Our experts are convinced that Lukashenko would never have ventured on so reckless a course as providing asylum for the man most wanted by the United States without a firm nod from Putin. The last DEBKA-Net-Weekly issue (No. 105 published on April 11), ran an article captioned Washington-Moscow Blowout over Saddam, which revealed that the US national security adviser Condoleezza Rice, when she visited Putin at the Kremlin on April 5, warned him that the US government is fully aware that Russian intelligence knows where Saddam Hussein is hiding. We have since discovered that she was referring to Zhdanovidh.
According to our sources, the occupants of the White House and US intelligence chiefs did not fall off their seats when they learned about the collaboration between Putin and Lukashenko and their foreign intelligence agencies. DEBKA-Net-Weekly reveals for the first time that President George W. Bush and his administration’s intelligence and security advisers discovered the full extent of Russian-Belarus-Iraqi dealings from documents in the Iraqi intelligence archives opened up in Baghdad by US forces.
More Intelligence Data Uncovered in Baghdad.
Saddam Hussein and his undercover agents were adepts in the cloak-and-dagger arts. They spread their nets in many corners of the world. Iraq’s wide-ranging links with foreign services are now being laid bare by the American experts poring over the rich store of documents discovered at Iraqi command and intelligence centers in Baghdad, Tikrit, Faluja and a number of air force facilities.

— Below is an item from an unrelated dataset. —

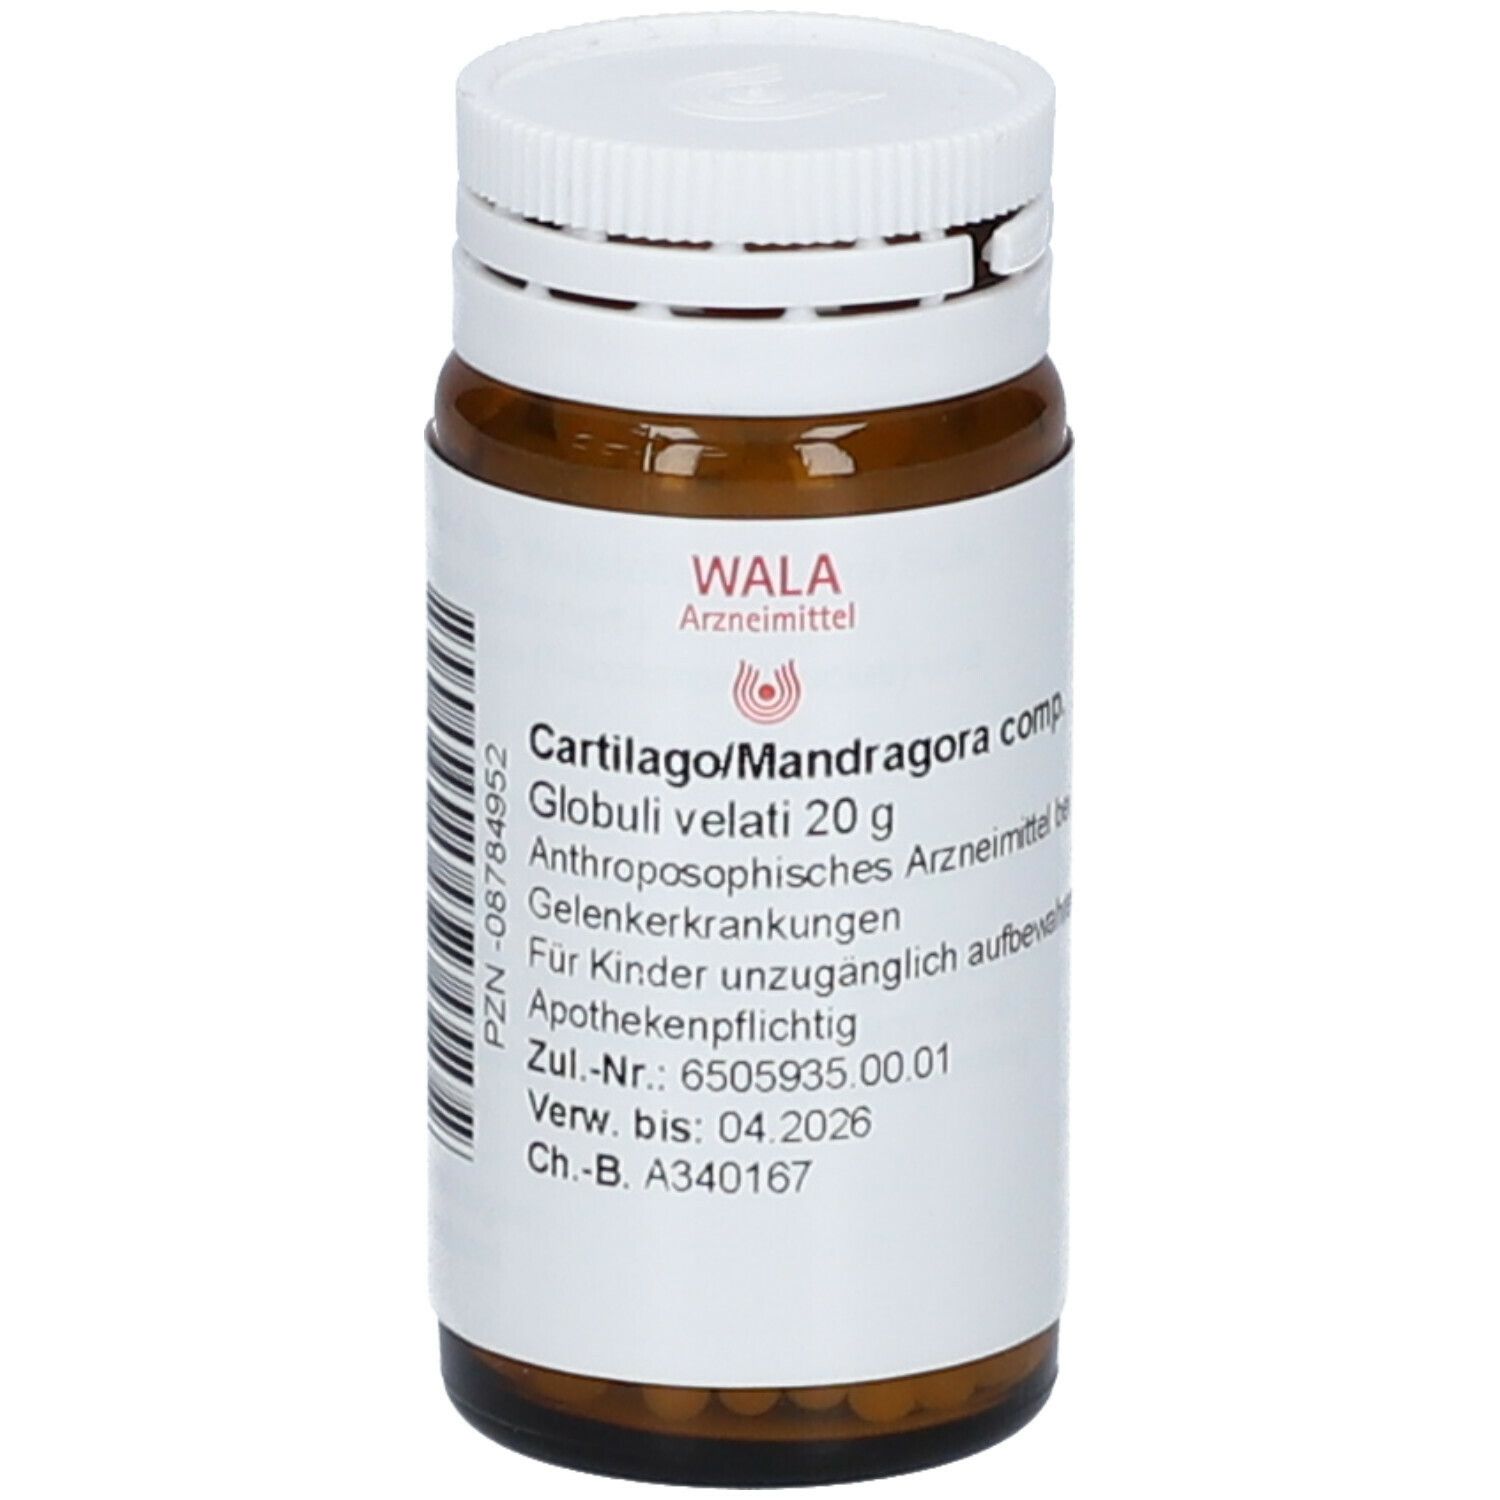 WALA® CARTILAGO/ Mandragora Comp. Globuli

Saddam’s services maintained especially strong connections with Russian intelligence, Western intelligence sources familiar with the documentation questioned by DEBKA-Net-Weekly report. Particularly intense was the relationship with the counterintelligence department of the Russian General Security Bureau, the FSB, and GRU military intelligence. It was no ad hoc arrangement; the Russians relayed materials useful to Iraq day by day and Baghdad was free to ask questions or request clarifications from Moscow.
The exchanges of information took place via Russian liaison offices operating out of the Russian embassy in Baghdad. One of those bureaus was in constant contact with the 5th Directorate of the GDI, or Department of Iraqi General Intelligence, while the second was run by plainclothes GRU officers with diplomatic immunity. They liaised with Iraqi military intelligence headquarters, the MSS, located in Baghdad’s Aladhamia district.
Western intelligence agencies now going through Iraq’s domestic and foreign intelligence headquarters with a fine tooth comb believe that the unnamed Russian general who liaised between Moscow and Saddam and his sons, stayed in Baghdad up until April 6. Using the cover of a private intelligence consultant, he was also likely the point man between the Iraqi leader and the headquarters of the First Chief Directorate at Yasenevo near Moscow.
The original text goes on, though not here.